Let’s assume, for the minute, that we don’t want to draw 40 different gates to find the two peaks in each of our 20 samples. What to do? Cytoflow includes several automated clustering algorithms, and the one that works best in this situation is a Density Gate. The user selects how much of the data they would like to retain, and this gate selects that proportion of events in the highest-density regions of a 2D plot. Most important for our use, we don’t have to use the same gate for the entire data set. Like most data-driven operations, the Density Gate lets you group the data by some condition or piece of metadata before estimating the operation’s parameters. In this case, we’ll compute a different gate for each tube.

Let’s keep 45% of the data – you’ll see why in a moment. Name the gate Density and gate on the SSC and FL1 channels, same as the scatterplot. Change the X Scale from log to logicle, though. To make a different gate for each tube, set Group Estimates By to Cf_file. And make sure you choose Huge_SSC- under Subset to ignore the events with huge SSCs.

Glance through the plots and see what the Density Gate operation has done: it has found the peaks for each tube! Even when those peaks moved! And now we can see why I used 45% – this was a value that found both peaks in all of the tubes.

Note

While a data-driven operation such as Density Gate can estimate different model parameters for each subset – as it did here, a different gate for each tube – the operation parameters must be the same for each subset. For example, you can’t keep 45% of the events for one tube and 60% for another.

Note

Why change the X scale? This was another issue I caught as I scrolled through the gates – there was a gate with strange behavior with events with very small SSCs. I could have gated them out, I suppose, or I could change the scale – logicle behaves much better around 0 than log does.

Separate the control and the sample peak#

We’ve found the peaks, but if we want to summarize the different peaks’ means separately, we need to separate them. Let’s do so with another threshold gate – this one I’ll name Sample, to distinguish the sample from the control.

Note that in the setup view, I’ve selected Density- – this hides all the events that weren’t in the peaks and cleans up the plot substantially.

Compute the peaks’ means#

We’re almost done. Recall that in Cytoflow, if we want to summarize some flow data, we do so by creating a statistic. So let’s create one using the Channel Statistic operation. Name it Mean, set the channel we’re summarizing to FL1, and the function to Mean. Group by both Cf_file and Sample – we want both peaks’ means – and set the subset to Density+ and Huge_SSC-. There’s no Estimate! button – the operation updates each time you change a setting.

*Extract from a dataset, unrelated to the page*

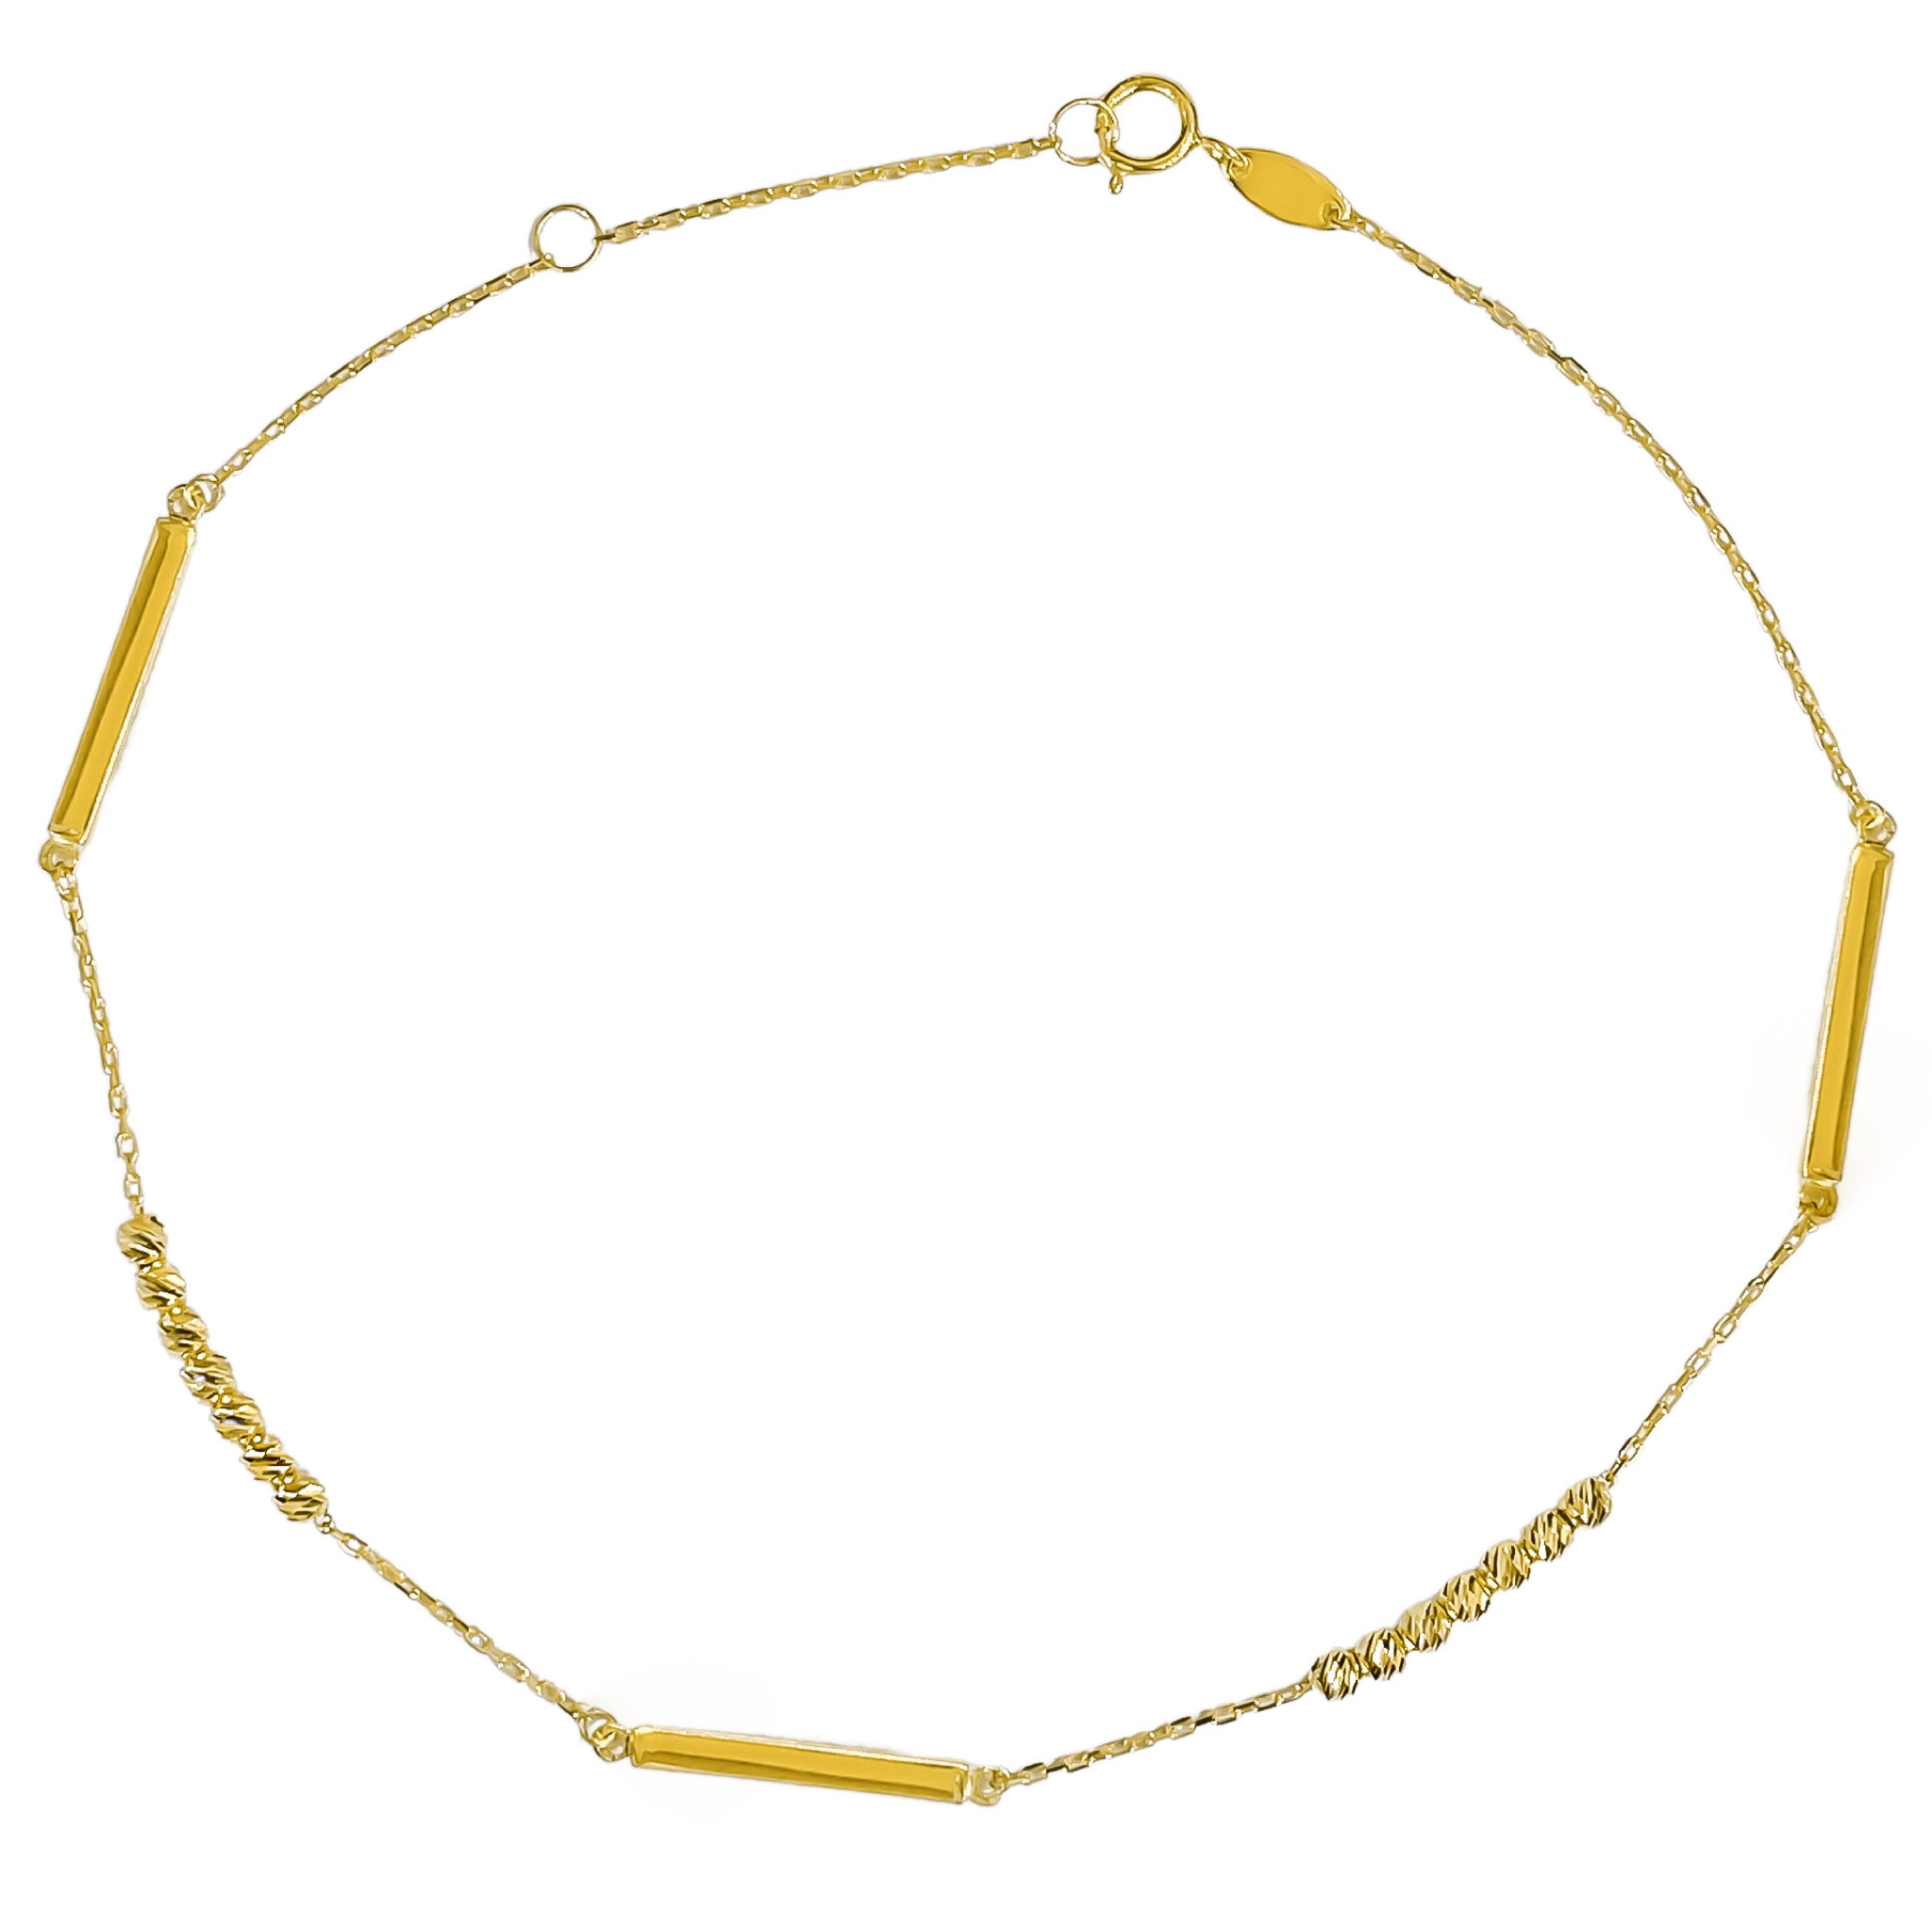 10K YELLOW GOLD MOON CUT BEADS & BARS ANKLET

Finally, we can view our statistic using the Table view. Each of the conditions we grouped the statistic computation by becomes a “variable” (technically, a facet) in the new statistic, and we can assign each to the rows or columns (or subrows or subcolumns) in the table. In this case, let’s put each file on a row and each value of Sample on a column.

Recall that Sample = 0 are the internal control peaks, and Sample = 1 are the unknown peaks. A little more math in a spreadsheet program will find the ratio between the two and convert to pg DNA per nucleus.

Tip

Remember, you can export this table to a CSV file with the Export button!